Cumming's Macbeth is something paranoid even upon meeting the Weird Sisters in the first act, and he is very willing to accept the veracity of things supernatural. As such, a madness seems to be lurking in this Macbeth all along, and the Weird Sisters merely unshackle it. He does resist the voices he hears at first (for certain, Banquo hears them, too, but doesn't allow them to consume him), but eventually Macbeth opens the door into the darkest recesses of his mind and unleashes havoc.
Lady Macbeth is Cumming's greatest revelation. She reads the letter from her lord while taking a bath, and even in this solitude she's flirtatious. The "unsex me here" speech is, ironically, filled with sexual passion, and when the Macbeths discuss the murder, they do so while making love. "Screw your courage to the sticking place," she says, and applies her metaphor literally.

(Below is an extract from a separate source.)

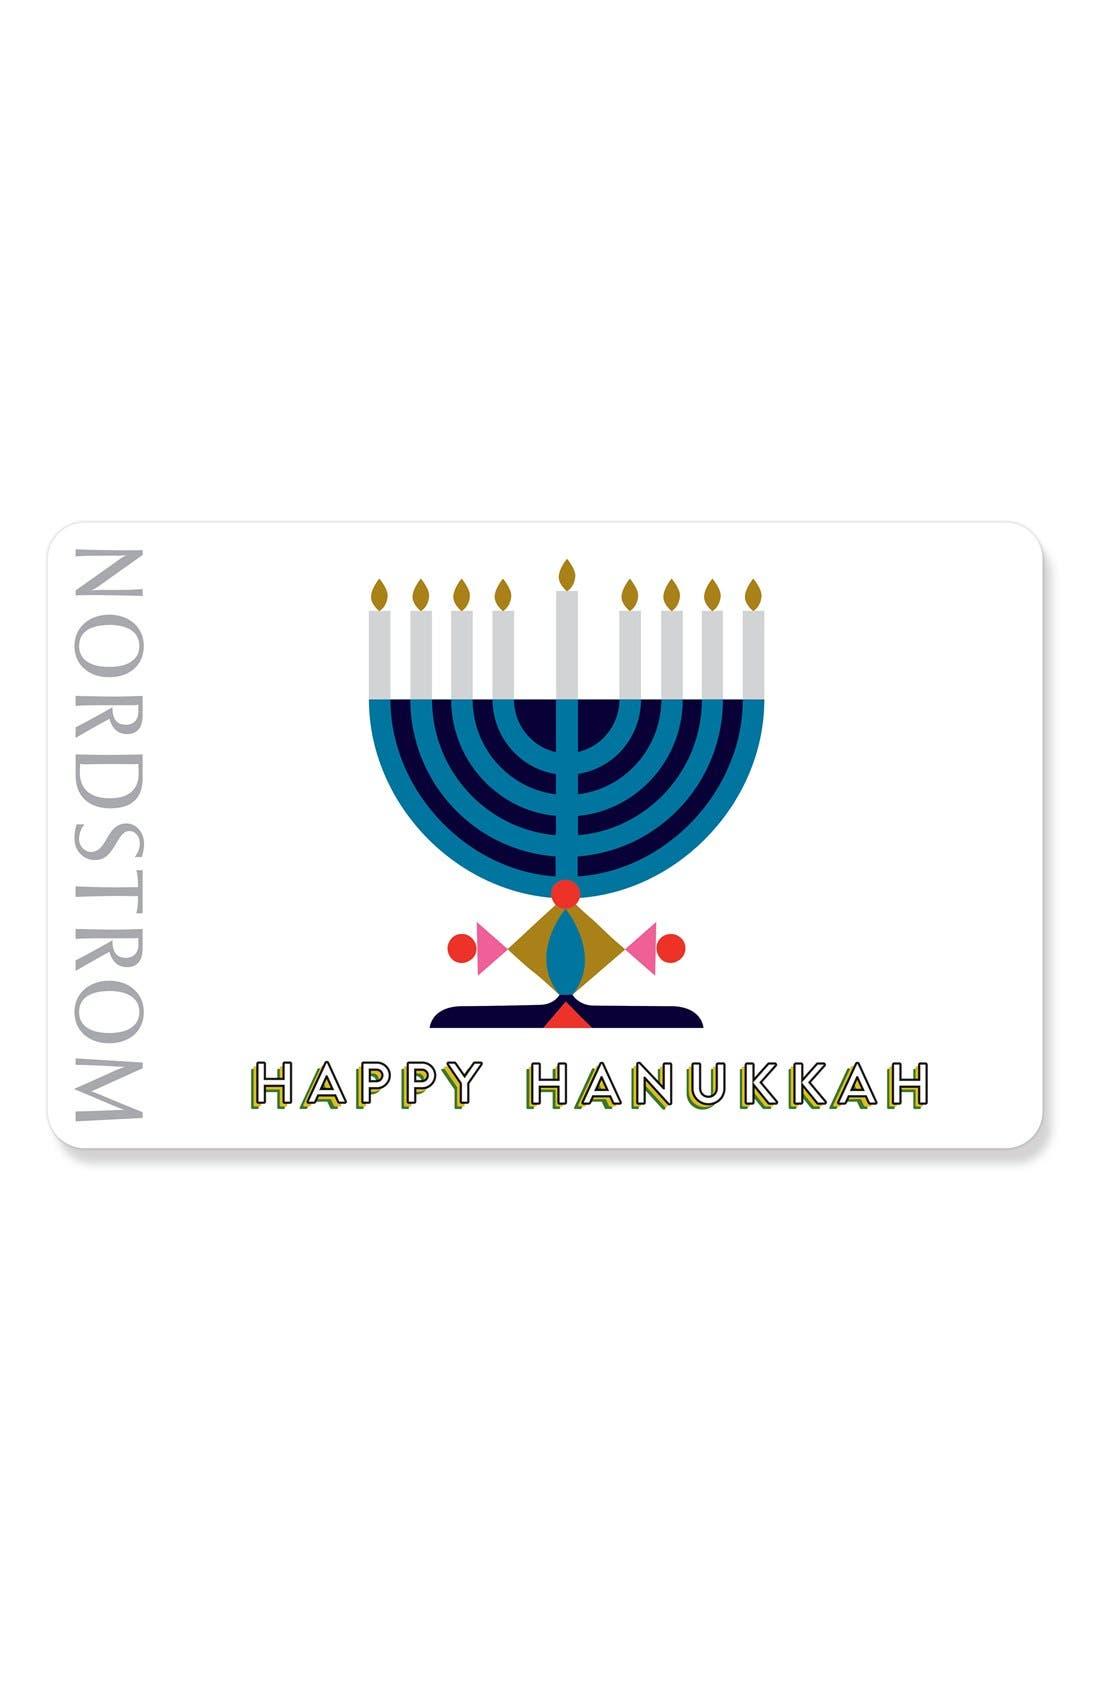 Nordstrom Happy Hanukkah Gift Card

To call Cumming's show a tour de force performance is really an understatement. He has crafted a play of a play that moves on three levels: the actor playing a man trying to come to grips with his insanity performing a play that delves into mankind's insanity. That there are no answers here or there, now or then, is disturbing. That Cumming takes this double-edged journey is cathartic. That he puts his figurative cojones on stage for us is a gift of his gifts.